An Existentialist Approach to Madness

Written by Amanda Smith

On the evening of April 23rd, the last lecture of the Mysterium Hunanum Studies on Madness commenced. Presented by Craig Vasey was the series last topic: An Existentialist Approach to Madness.

Vasey started off  his presentation with the word “madness” asking the audience what does the word mean exactly, if we could put one single definitive definition to it. He explains that it’s just a word, it can cover an array of things from physical imbalances or disturbance in the mind. He further explained that it can’t be but into a single definition, he says describing the madness is like describing what love means. It’s hard to determine a significant single meaning for it. He jokes adding, “Madness is a linguist black hole.”

Vasey then goes into an overview of his main point about the research he found on Freud theories looking at literary works made by Freud’s colleague, Michael Thompson. Thompson wrote “The Truth about Freud’s Technique”where we explore the idea that there is no such thing as mental illness because it is not a proper medical condition, or as Vasey says, “mental illness is a metaphor, a mapping of medical talk and values (concerning physical suffering and its cause) onto behavior, feelings, thought, consciousness-experience” In culture today, he explains, that mental illness is just a term we have accepted. That we as a society want to make it seem that there is a cure to mental illness, that it something we need to find a solution to. But in reality, we are only helping someone who is suffering, suffer less. Whether it be throughs medically prescribed drugs or therapy. Overall, showing us that the medical field is in charge of mentally ill individuals.

To introduce the findings of Freud’s time, Vasey gave a brief background but how 1780’s the idea of moral treatment came along, a “remarkable step forward in treating such people as human beings who need help from society,”  Vasey exclaims sarcastically, meaning that instead of treating mentally ill people as criminals, entertainment, and animals, we treated them like humans that need help. When psychoanalyst started to treat these individuals they thought that the body or mind was intervened by the gods of evil spirits, had a failure to control appetites and desires, or possessed by the devil. These ‘findings’ were then resulting in private institutionalization because they were too much too handle or states were sponsoring warehousing to try techniques to control these mental ill patients. But then came Freud.

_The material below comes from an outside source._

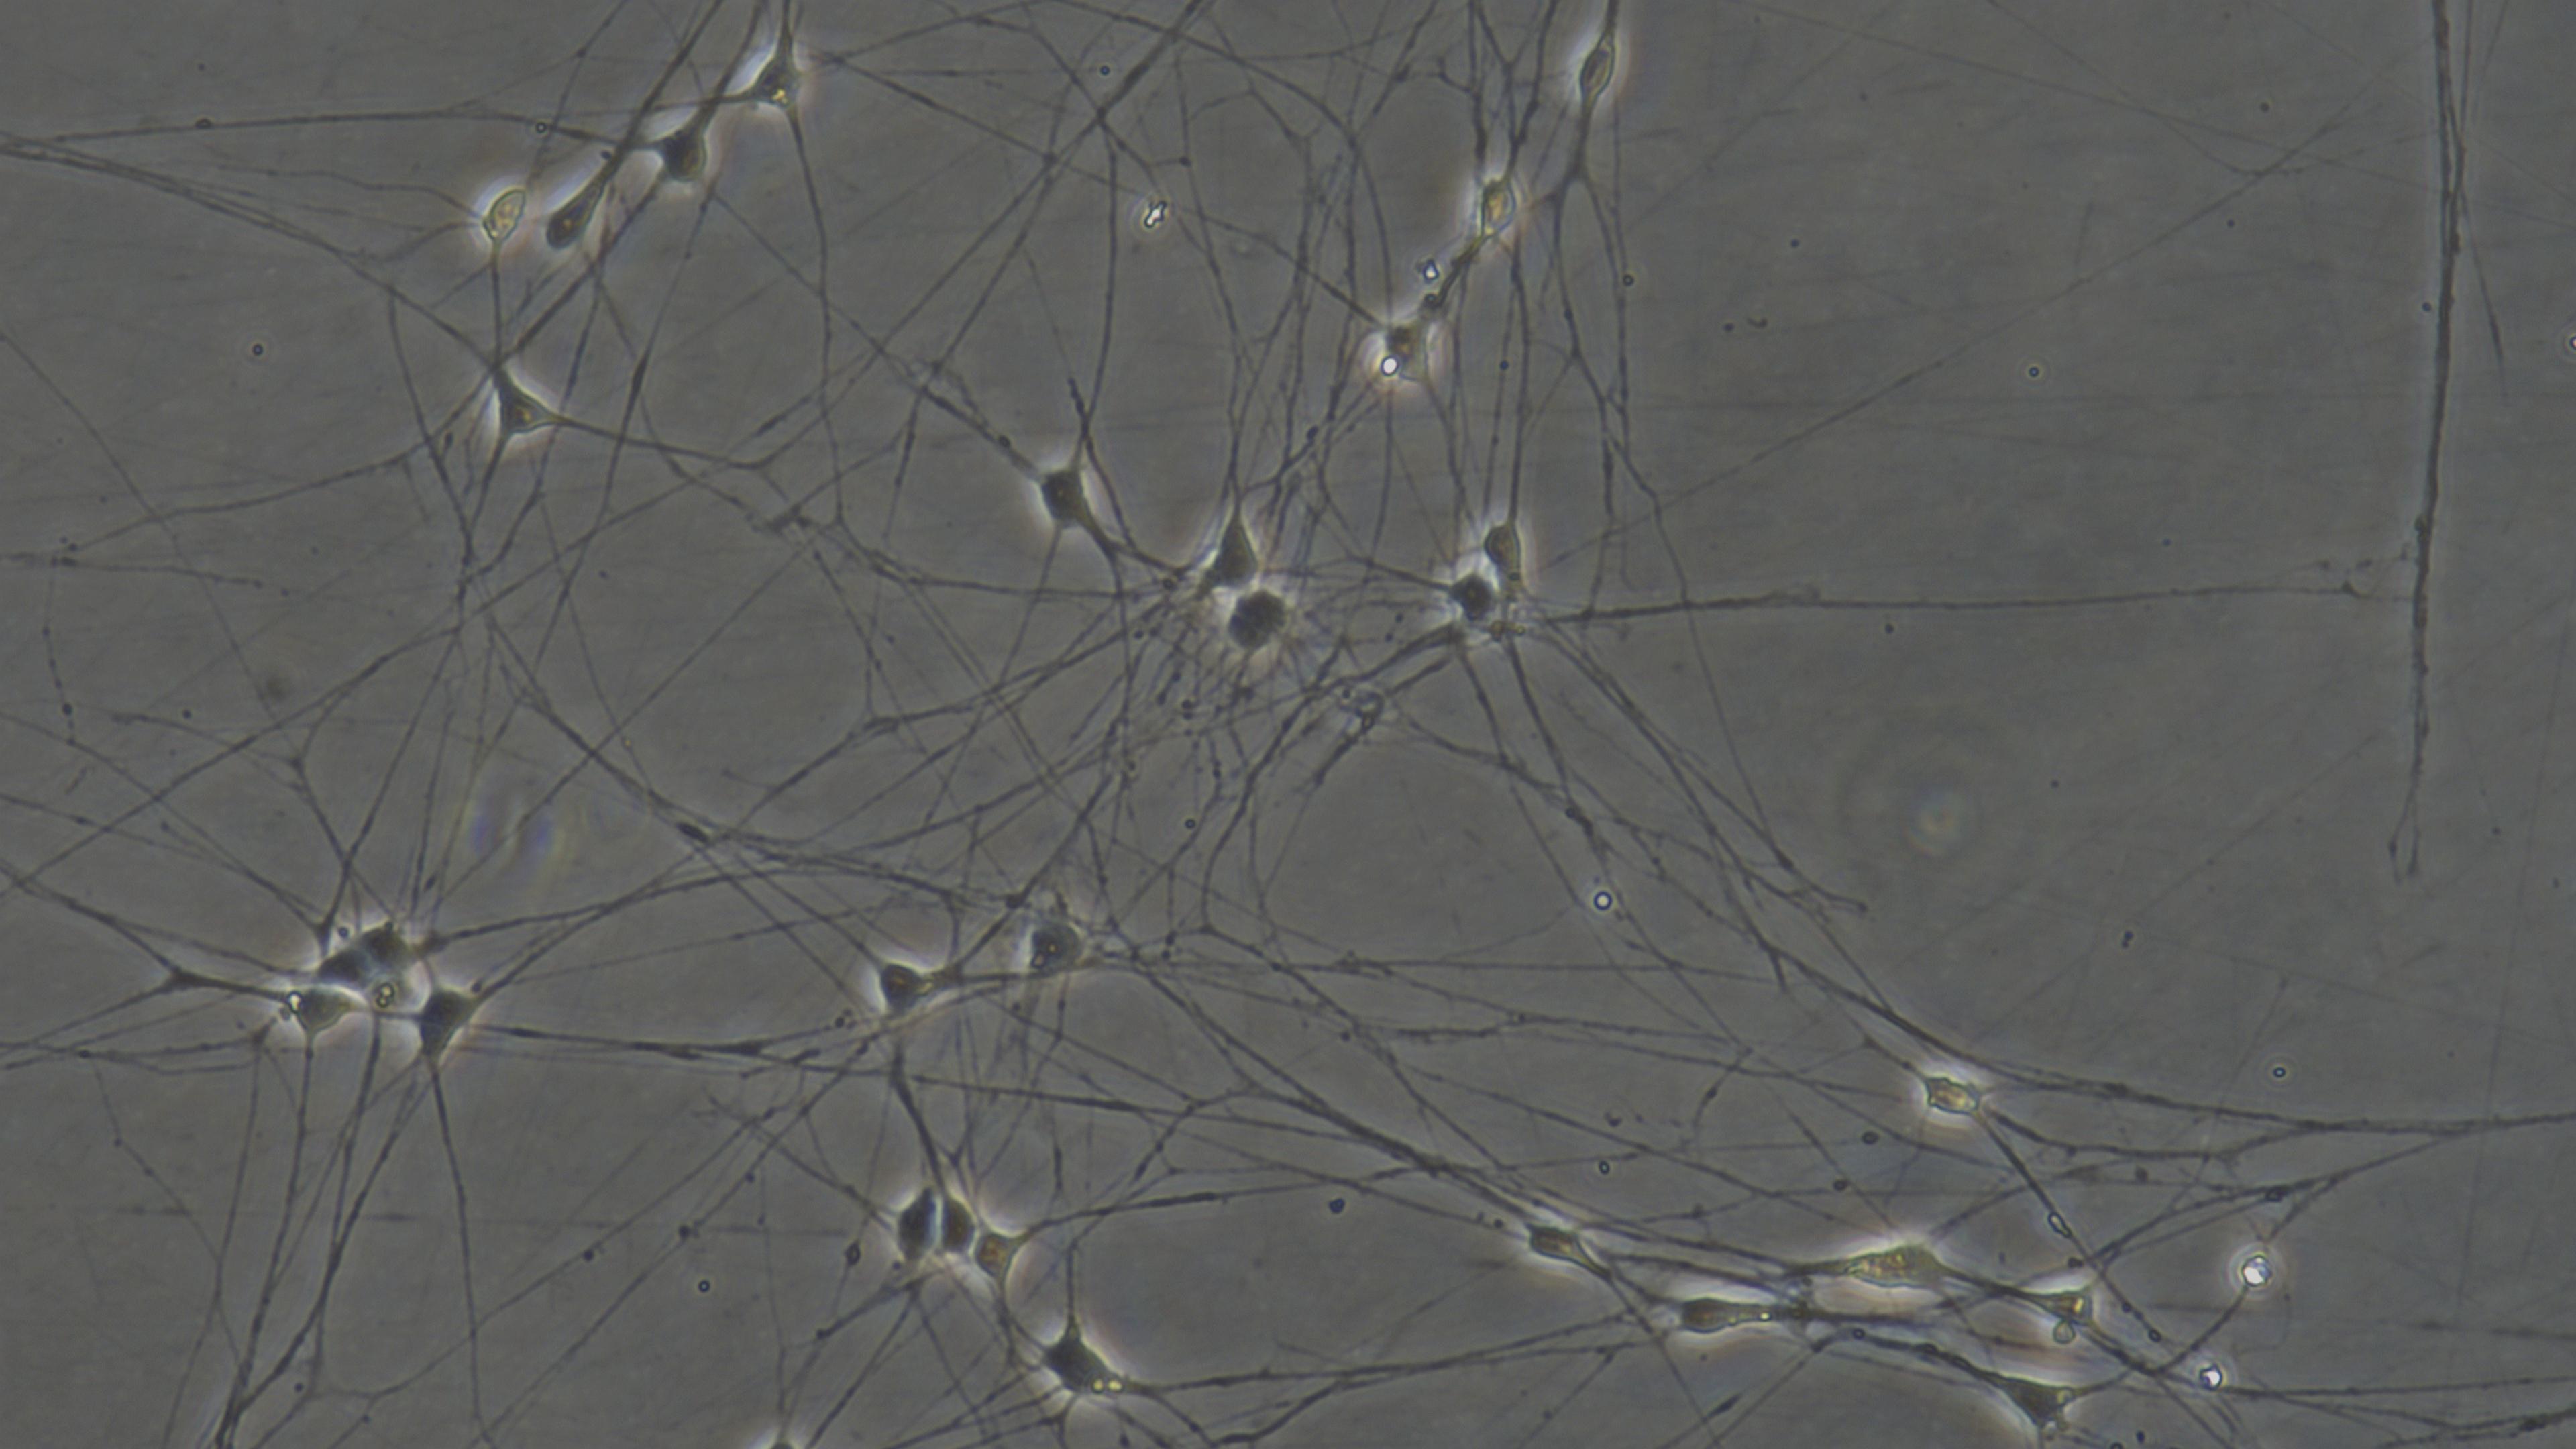 Primary Rat Trigeminal ganglion neuron cells (TGN)

As Thompson had put it, “Freud believed people developed hysteria and neurosis because they have been traumatized by unrequited love in their childhoods. He was the first to recognize that our parents, in fact all our relationships, have on us and our capacity to love is also the source of the most profound suffering.” From then on, Freud would consider this notion with tests and therapy sessions that would, as Vasey says, reach the repressed memories or thoughts that are causing the suffering by paying attention to the patients concerns in order to help them. Vasey explained that in repression, one is not aware of the memories, and that the mind is actively working to keep those memories repressed.

Though this concept was hard to grasp for the audience, we all were astounded by the evidence found in Thompson work. Thompson wrote, that there was a woman who was temporarily blind, paralyzed, and would not drinking water and was very unhealthy due to the fact. After Freud had put her under hypnosis she grumbled about her english lady companion, saw the lady’s dog drinking out of her glass, but didn’t want to be impolite so she didn’t say anything, she asked for a drink of water, and then woke up with the glass to her lips and never was disturbed again by this experience.

From this, Vasey would explain the difficulty of a psychoanalysis. Which can be explain with the “three humiliations of human narcissism at the hands of science.” Those three concepts being: cosmological, biological, and psychological. cosmological is the past time revelation that we used to think the earth was the center of the universe and god put us there. But was it’s actually true is that the sun is the center, thanks to Copernicus. Biological humiliation was when the human race thought they were a supernatural being, but Darwin provided a different opinion, evolution. Finally, what this lecture is focused on is the psychological humiliation. We think that we are in control of our mind, but according to Freud and Vasey “you’re not the master of your own house and the ego cannot control its drives.” The mind represses things, and they may come back to torment you, but overall we are not in control.

Vasey then extend is notion, that we don’t control our thoughts, and ties in the beliefs/themes of existentialism. One of these themes was anxiety. We have so many anxieties that we repress, because we are a race that is aware of ourselves, cares we exists, and knows that we will die. Amongst these fairly important anxieties we also  carry around the question of life: what is the meaning of human existence? What kind of being is human being? We have heightened our awareness of our existence, that we developed the distractions of everyday life. Whether it be through tasks or through keeping busy with multiple activities, we absorbed ourselves in things, to keep our minds away from the anxieties, which is an understandable reaction, it’s not a mental illness, it is a part of life. Vasey calls this repression of anxieties, ontological insecurity. Vasey also briefly pointed out that we have become a generation of understanding of everyone’s weirdness, because we all have troubles.

The final conclusion of Vasey’s lecture was that Freud findings makes sense. We all really do repress our memories and anxieties, there is a subconscious we cannot access directly, and that being like this is not medically related at all, or as one student suggested, “we are all mad here.”